▶ DATA

------------------------------

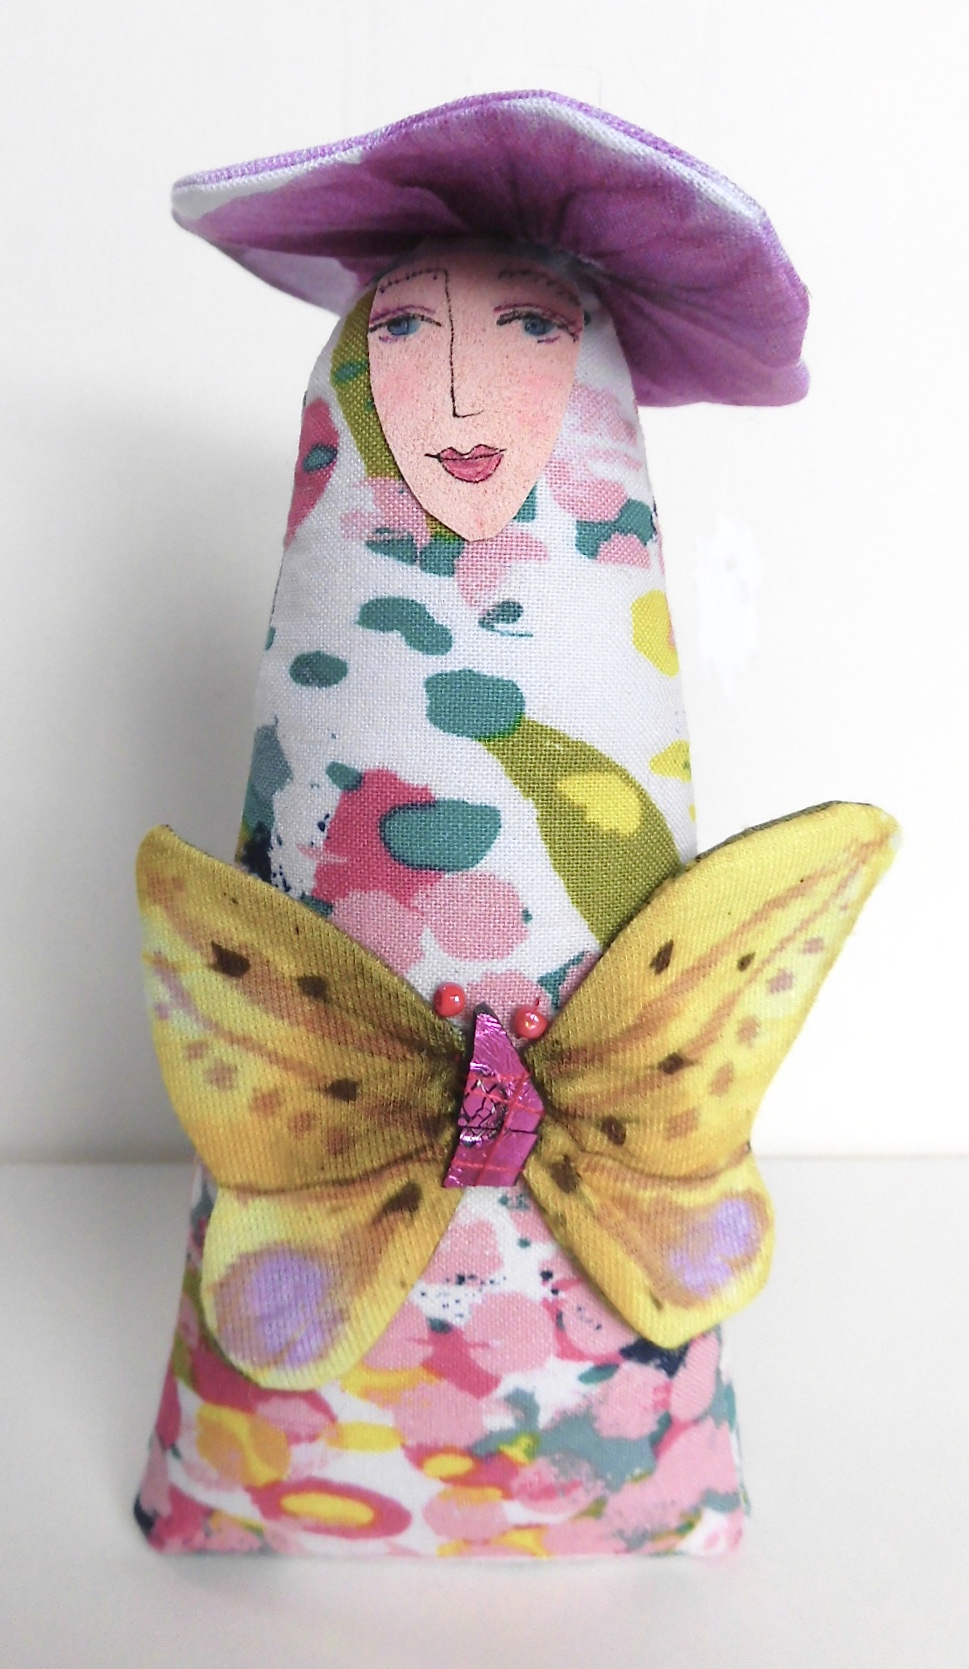 Little Lady by Jennifer Gould
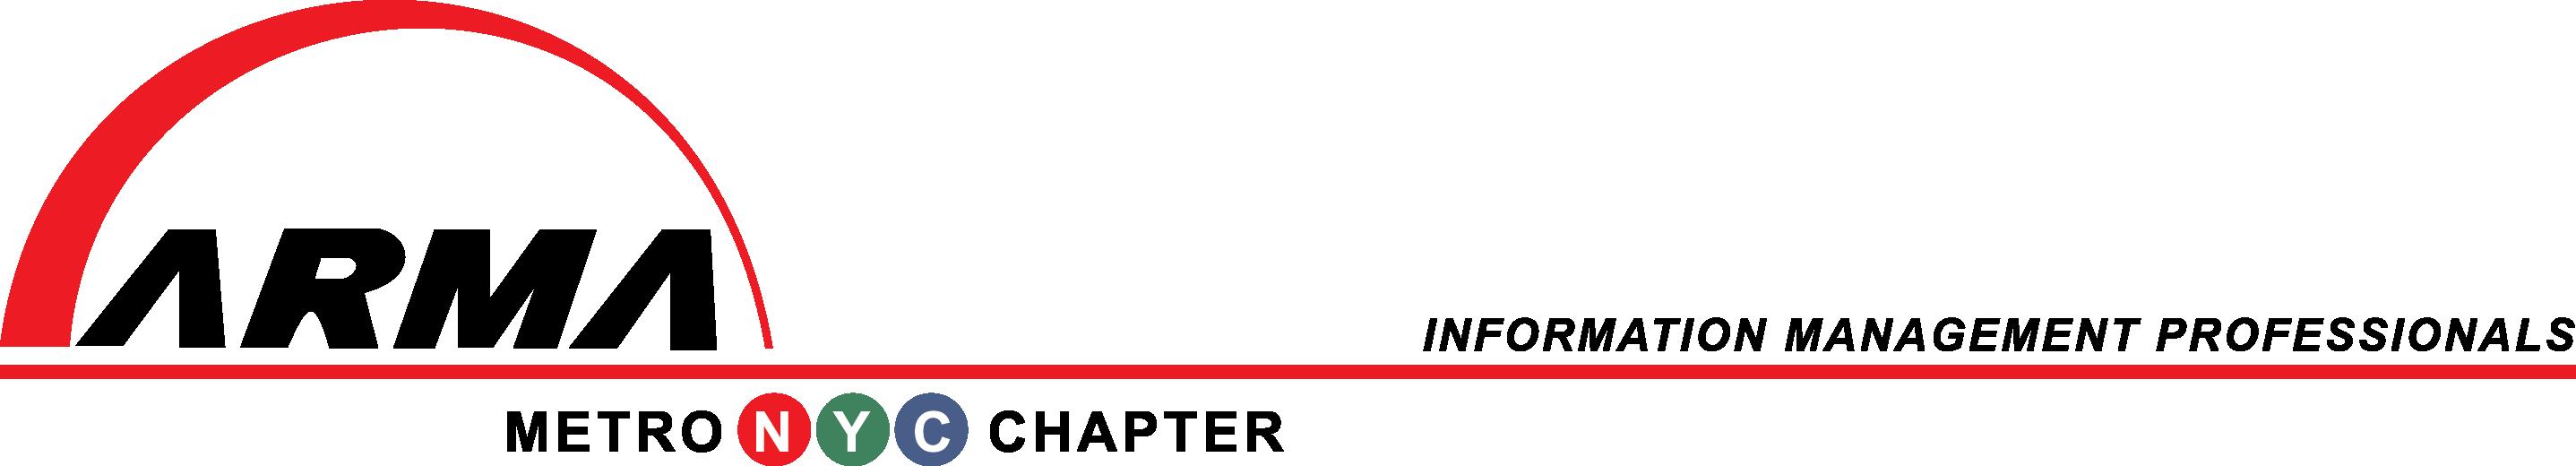 ARMA-logo-horizontal 2014 No Bkgrd
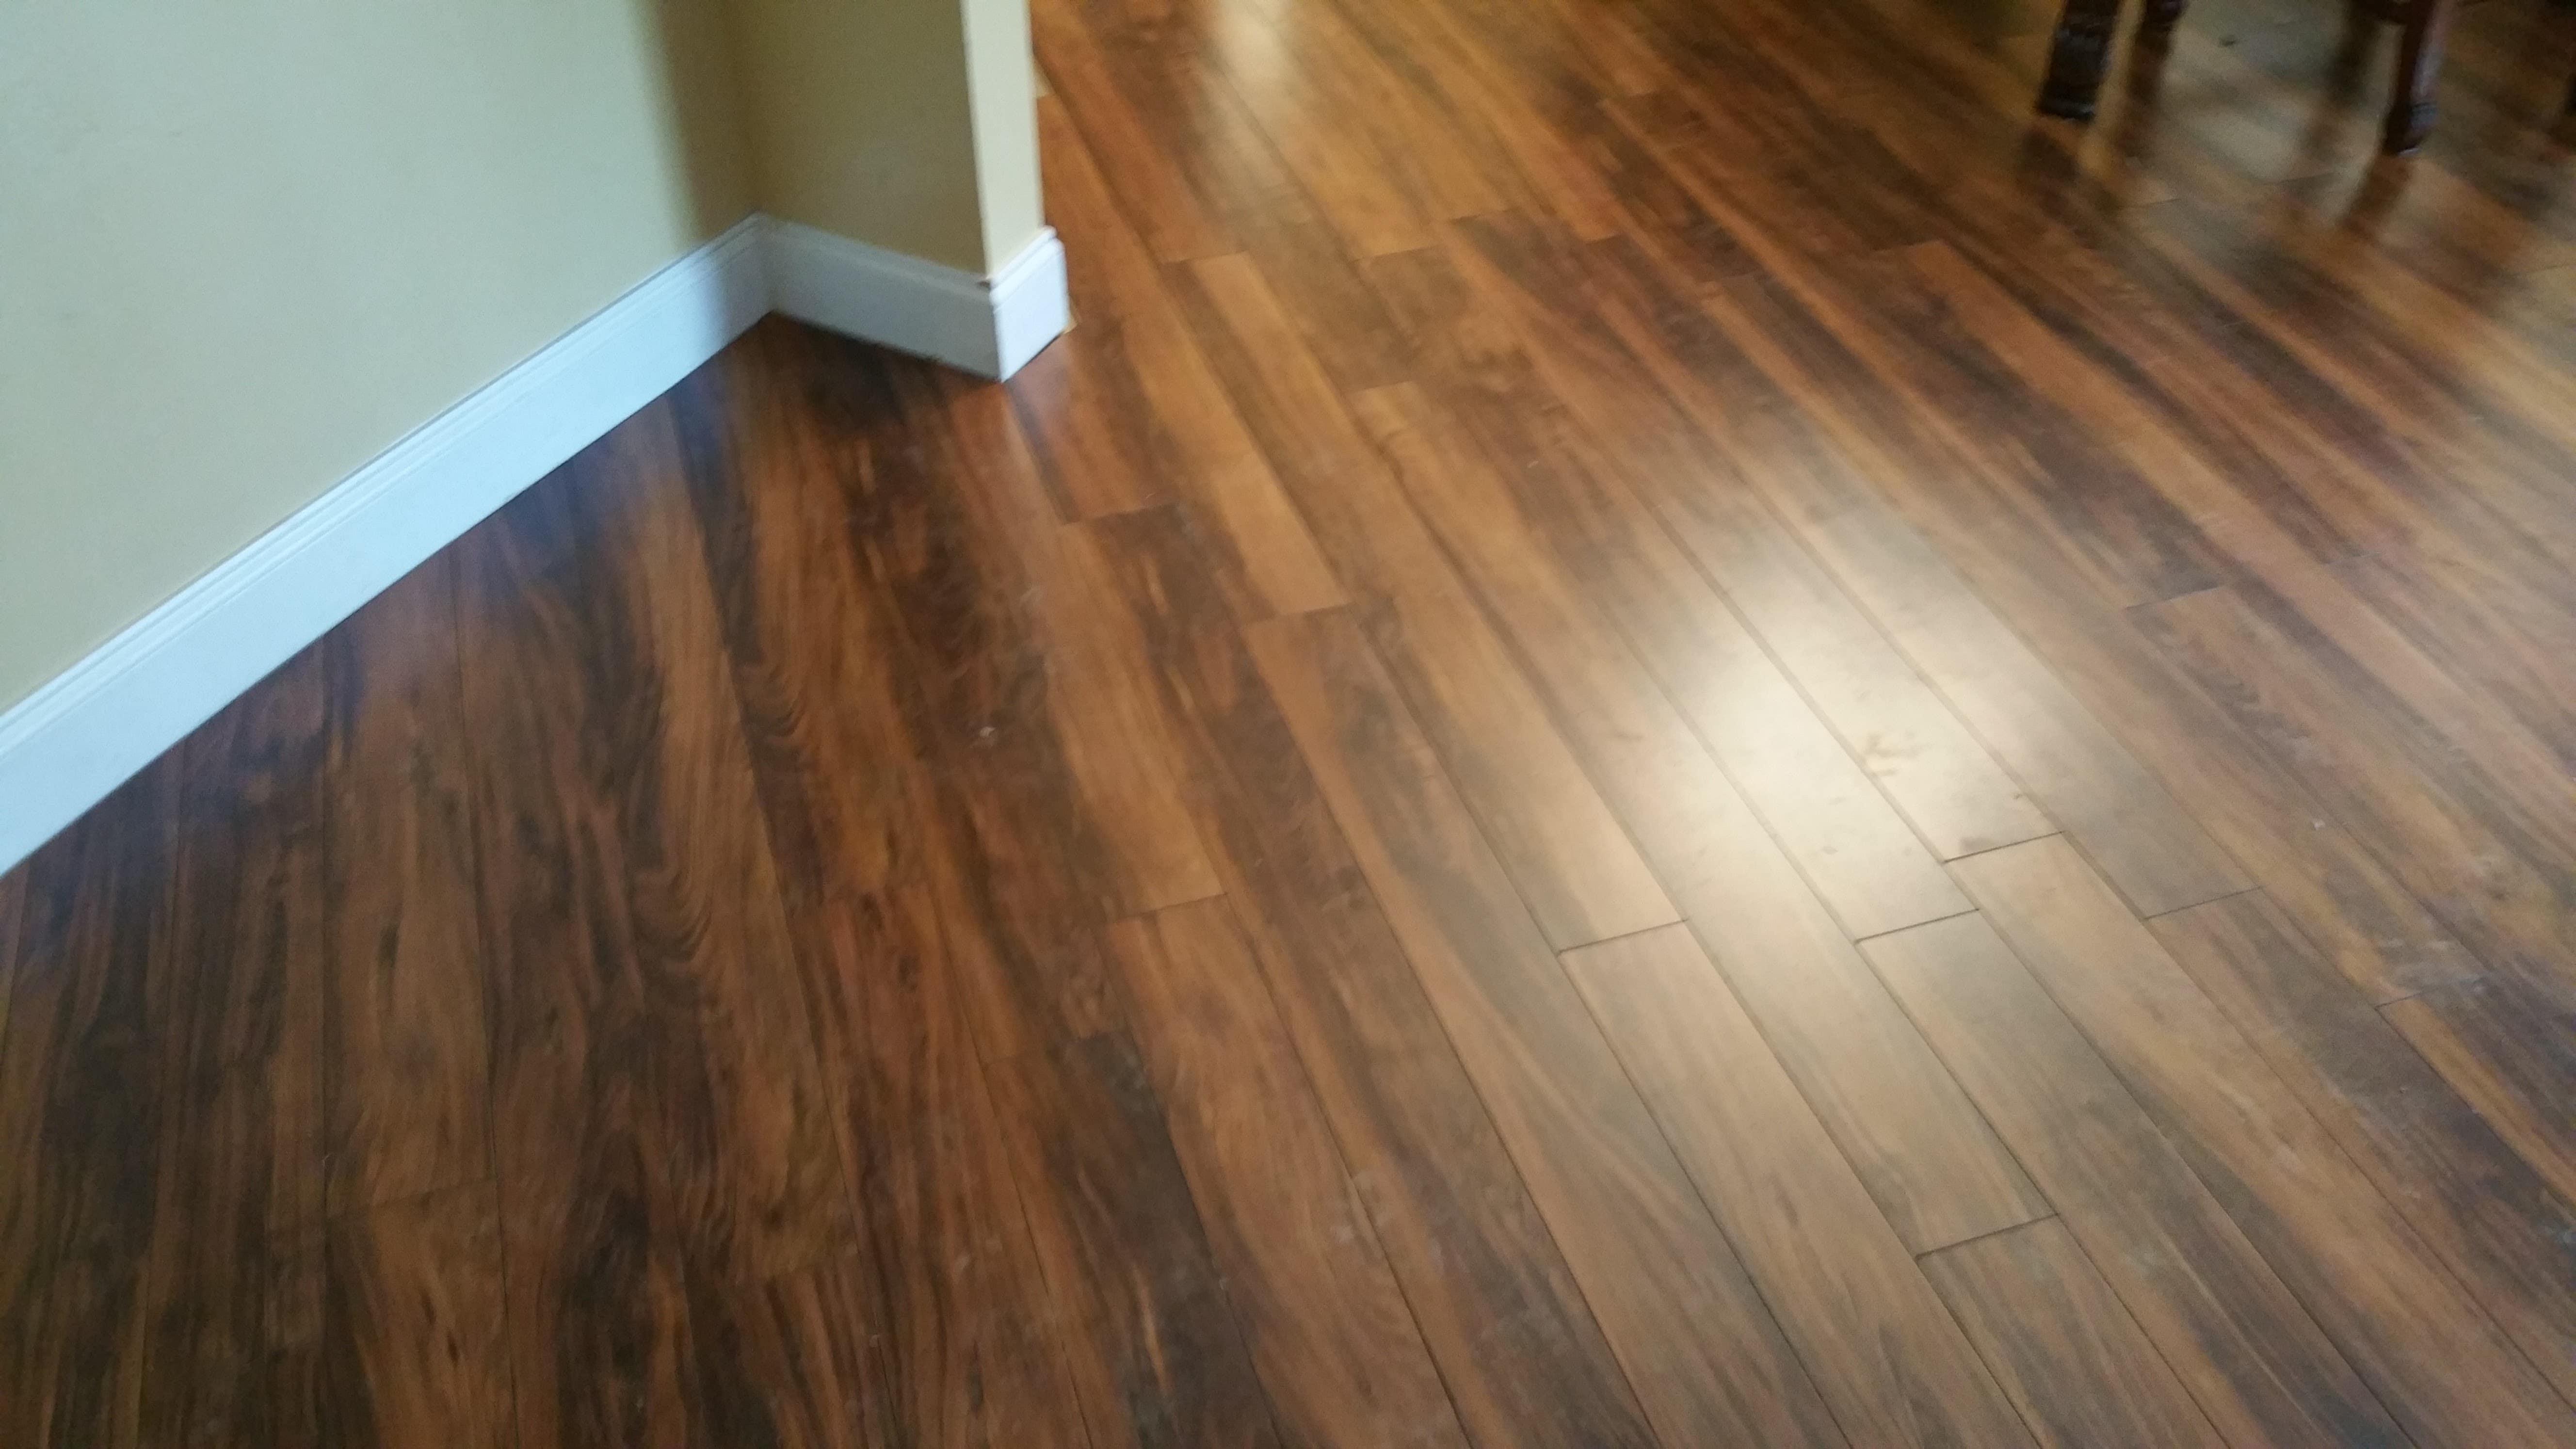 Hardwood flooring refinishing repair installation for Wood floor maintenance

------------------------------

▶ TASK INSTRUCTIONS
The copy must begin with the line containing "ARMA-logo-horizontal 2014 No Bkgrd", end with the last line of the material, match each line exactly, and hold no pictures.

▶ ANSWER TO THIS EXERCISE
 ARMA-logo-horizontal 2014 No Bkgrd
 Hardwood flooring refinishing repair installation for Wood floor maintenance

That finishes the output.